Publication information
- Publisher: Image Comics
- Schedule: Monthly
- Format: Ongoing series
- Genre: Superhero;
- Publication date: July 2005 – July 2012
- No. of issues: 37
- Main characters: Adam Archer; Stella Archer; Angie Archer; Neela Archer;

Creative team
- Created by: Joe Casey and Tom Scioli
- Written by: Joe Casey
- Artist: Tom Scioli
- Letterers: Rob Steen (#1); Albert Deschesne (#2, 6–9, 13–18); Comicraft (#3–6); Rus Wooton (#19-37);
- Colorists: Bill Crabtree (#1–6, 25-37); Nick Filardi (#7–24);

Collected editions
- Hello, Cosmic!: ISBN 1-58240-581-6
- Another Sunny Delight: ISBN 1582406324
- Proto-Plastic Party: ISBN 1582407363
- Amplified Now: ISBN 1582409129
- Far Beyond the Bang: ISBN 1607062569
- Gøødbye Divine: ISBN 1607066203

= Godland (comics) =

American comic book series

Gødland is an American comic book series by Joe Casey and Tom Scioli, set in the Image Universe and published by Image Comics from 2005 to 2012.

==Publication history==
The series was conceived as both a homage to and a revival of the so-called "Cosmic Superhero Epic" as told by many great comic writers of the 1970s like Steve Englehart, Jim Starlin and Jack Kirby. The style of the series is strongly inspired by Kirby's style in his Eternals and The Fourth World series. While obviously strongly inspired by this series, Casey and Scioli add their own twist on the stories with a little humor.
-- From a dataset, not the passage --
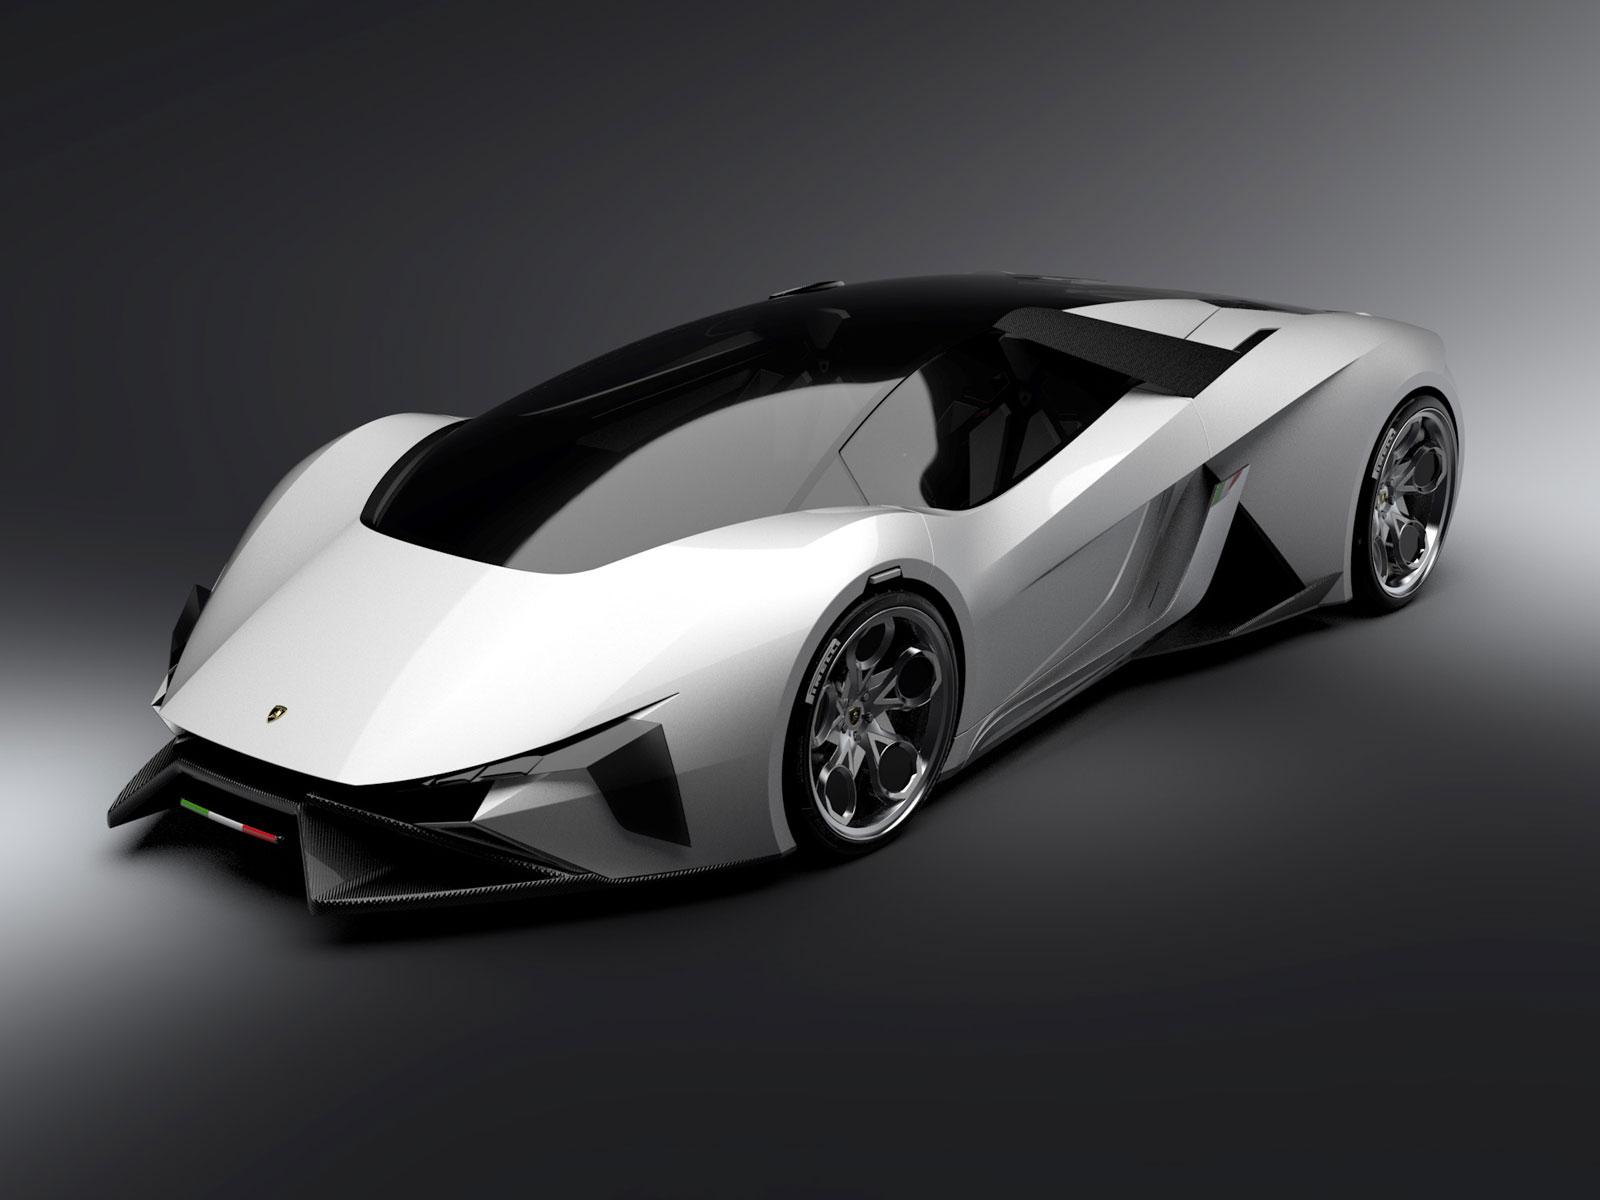 Merveilleux Lamborghini Diamante Concept
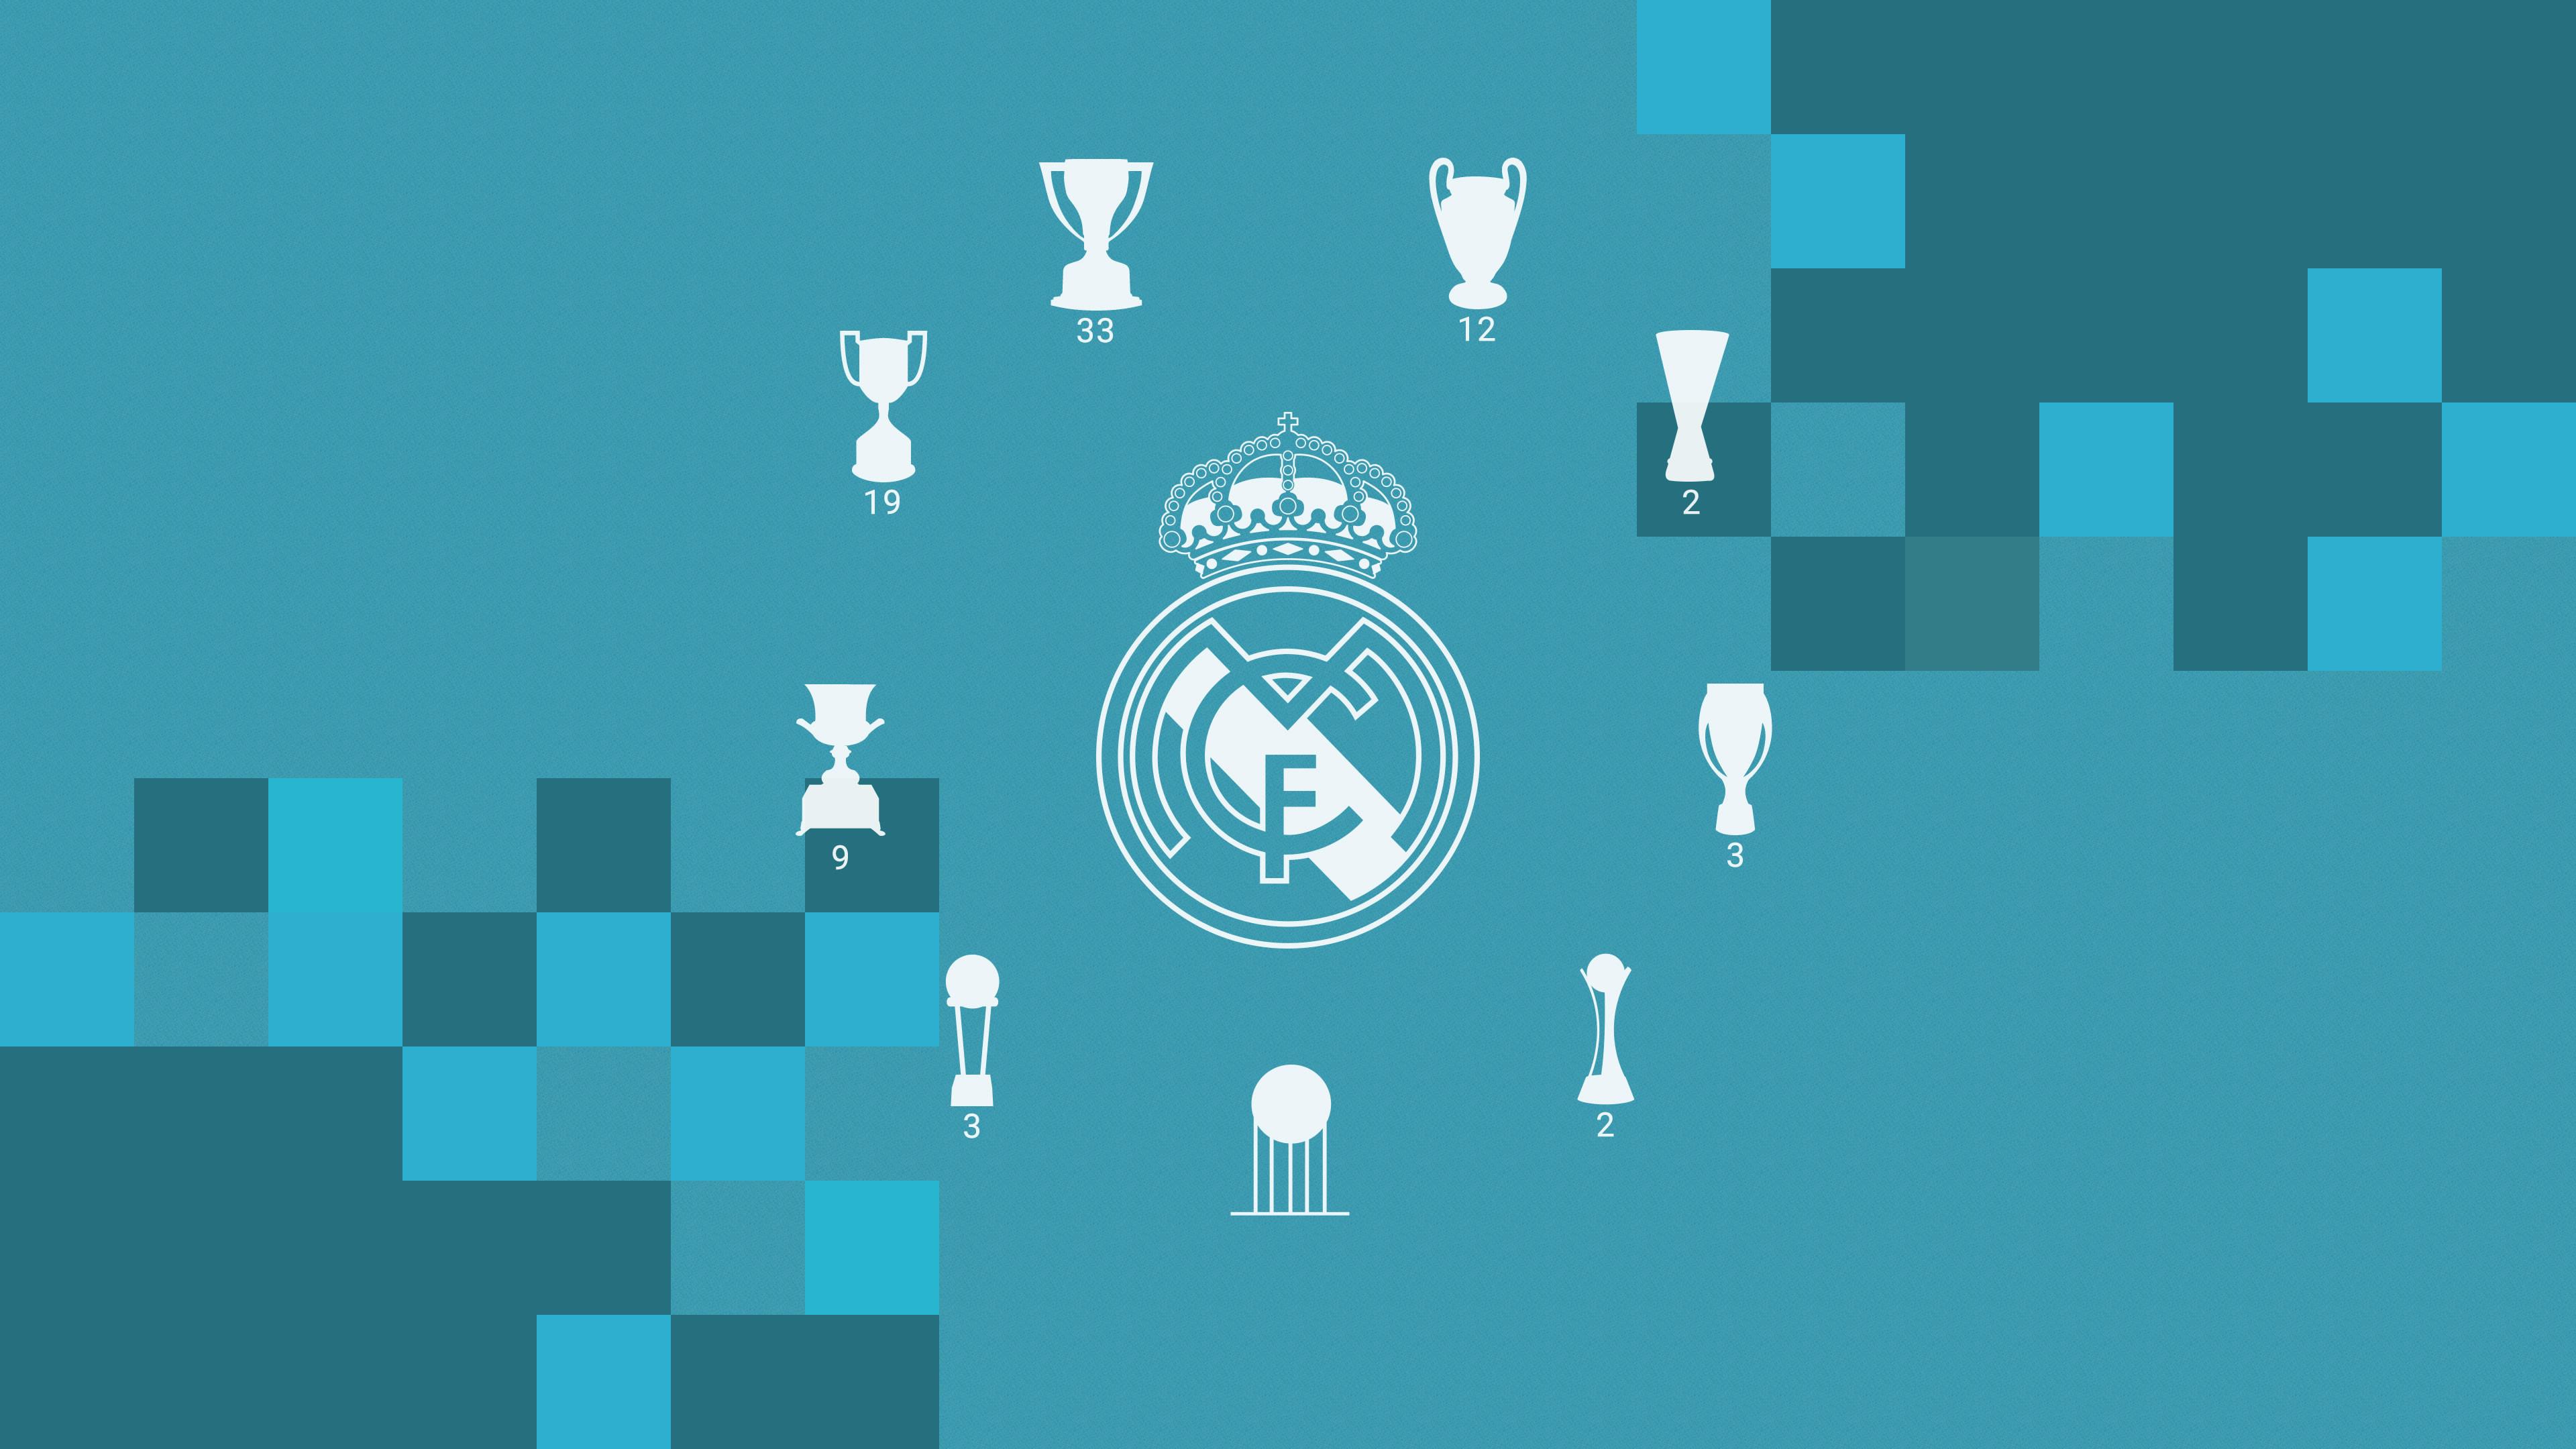 3840x2160 Khalidvawda 1 0 Real Madrid Third Wallpaper 2017 18 By

The solicitations for issue #25 revealed that the series would end with issue #36, which Scioli attributed to sales, although Casey suggested the end point and reasons were less clear-cut:

==Plot==
The main character of the series is astronaut Adam Archer. As the sole survivor of an ill-fated journey to Mars, Adam Archer meets the alien entities known as the Cosmic Fetus Collective, who transform him into a cosmic being and instruct him in the uses of his new powers. Archer is sent back to Earth as the first human to be touched by universal enlightenment.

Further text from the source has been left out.